Input records:
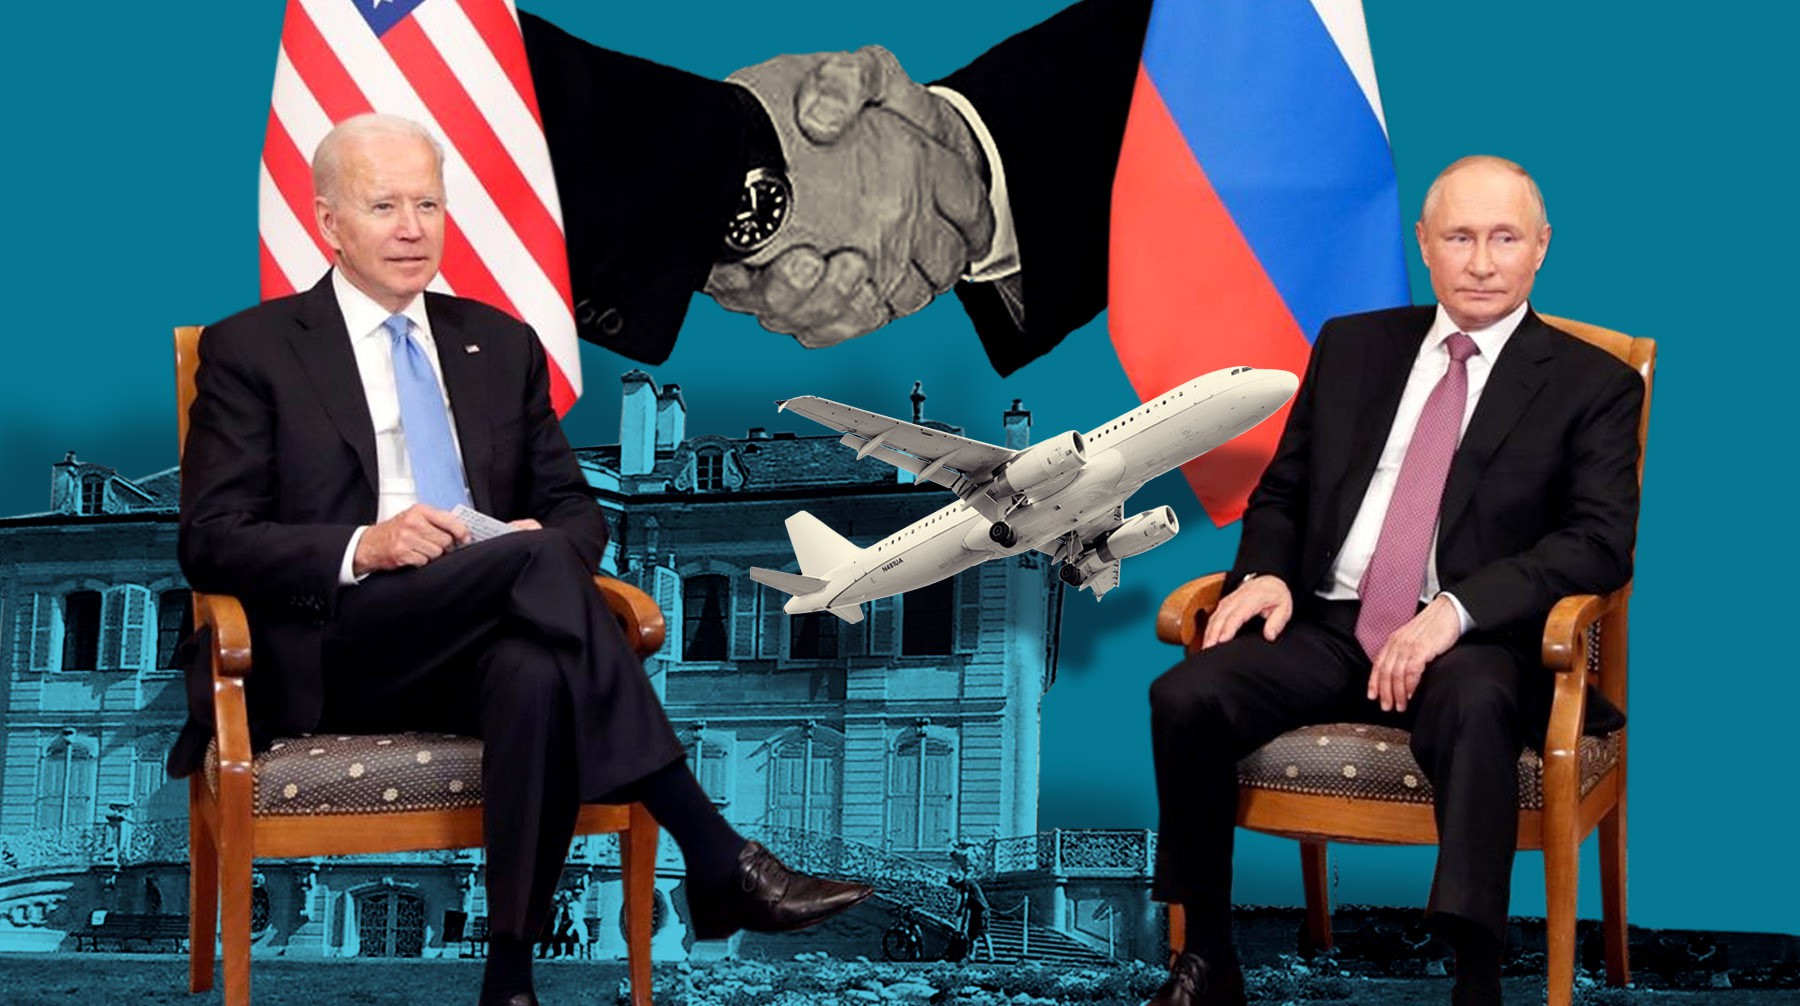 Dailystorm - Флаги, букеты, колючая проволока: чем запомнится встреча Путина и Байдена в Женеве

--

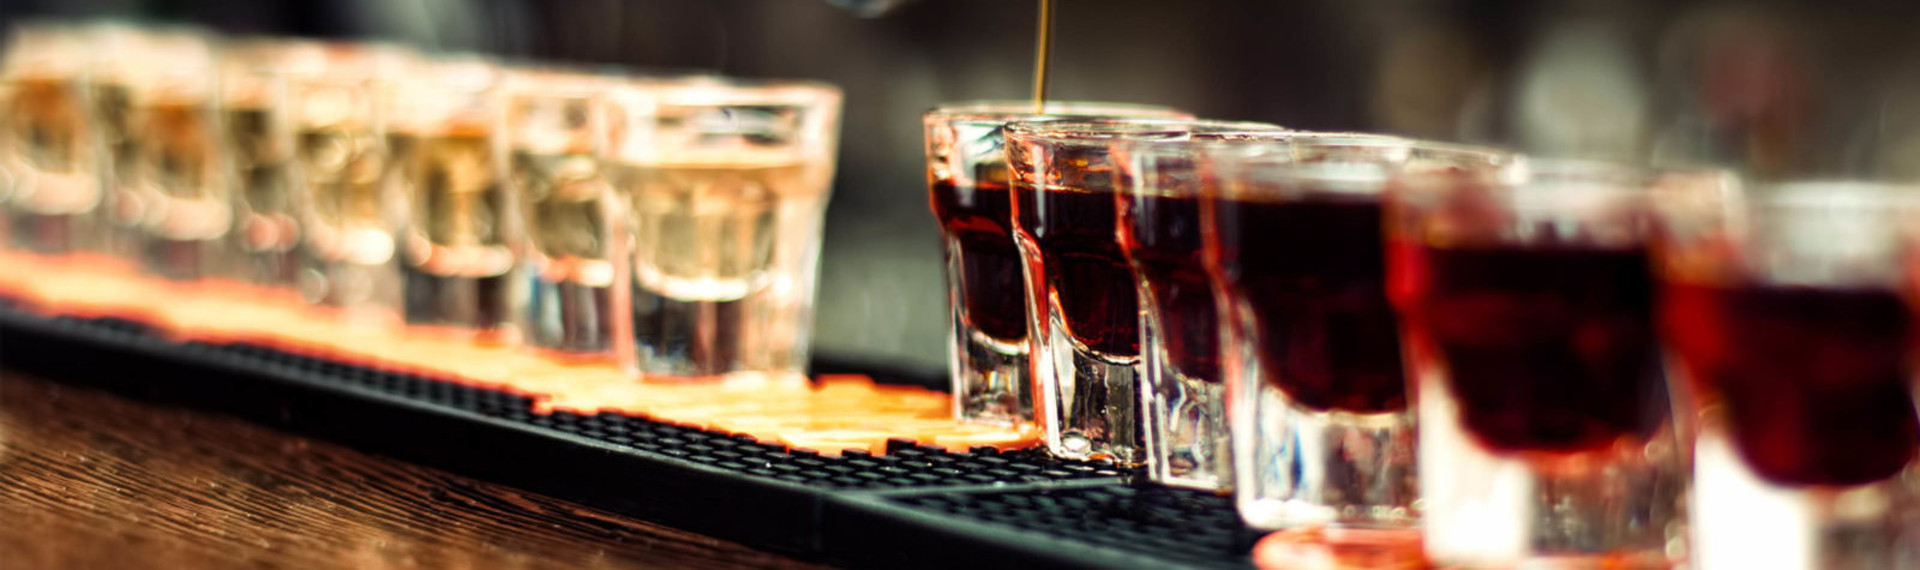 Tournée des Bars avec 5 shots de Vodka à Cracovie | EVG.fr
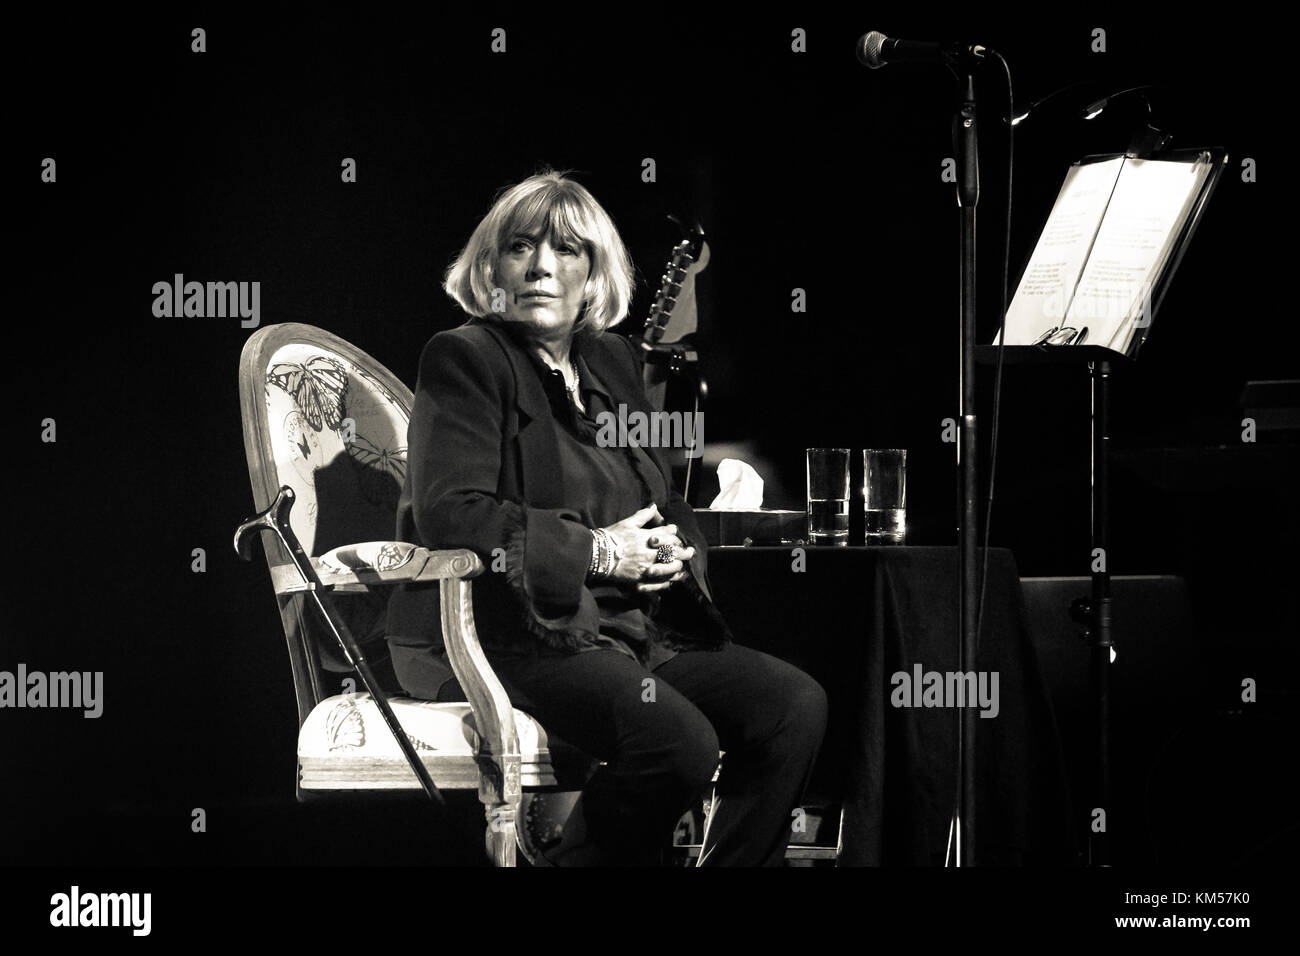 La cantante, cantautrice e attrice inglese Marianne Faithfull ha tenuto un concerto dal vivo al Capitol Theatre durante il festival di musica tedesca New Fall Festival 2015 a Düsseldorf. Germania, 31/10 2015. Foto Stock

What is expected:
Write back the stretch of lines above that begins with the line holding "Tournée des Bars" and ends with the line holding "La cantante, cantautrice", both included, exactly as written. Pictures stay out.

Written answer:
 Tournée des Bars avec 5 shots de Vodka à Cracovie | EVG.fr
 La cantante, cantautrice e attrice inglese Marianne Faithfull ha tenuto un concerto dal vivo al Capitol Theatre durante il festival di musica tedesca New Fall Festival 2015 a Düsseldorf. Germania, 31/10 2015. Foto Stock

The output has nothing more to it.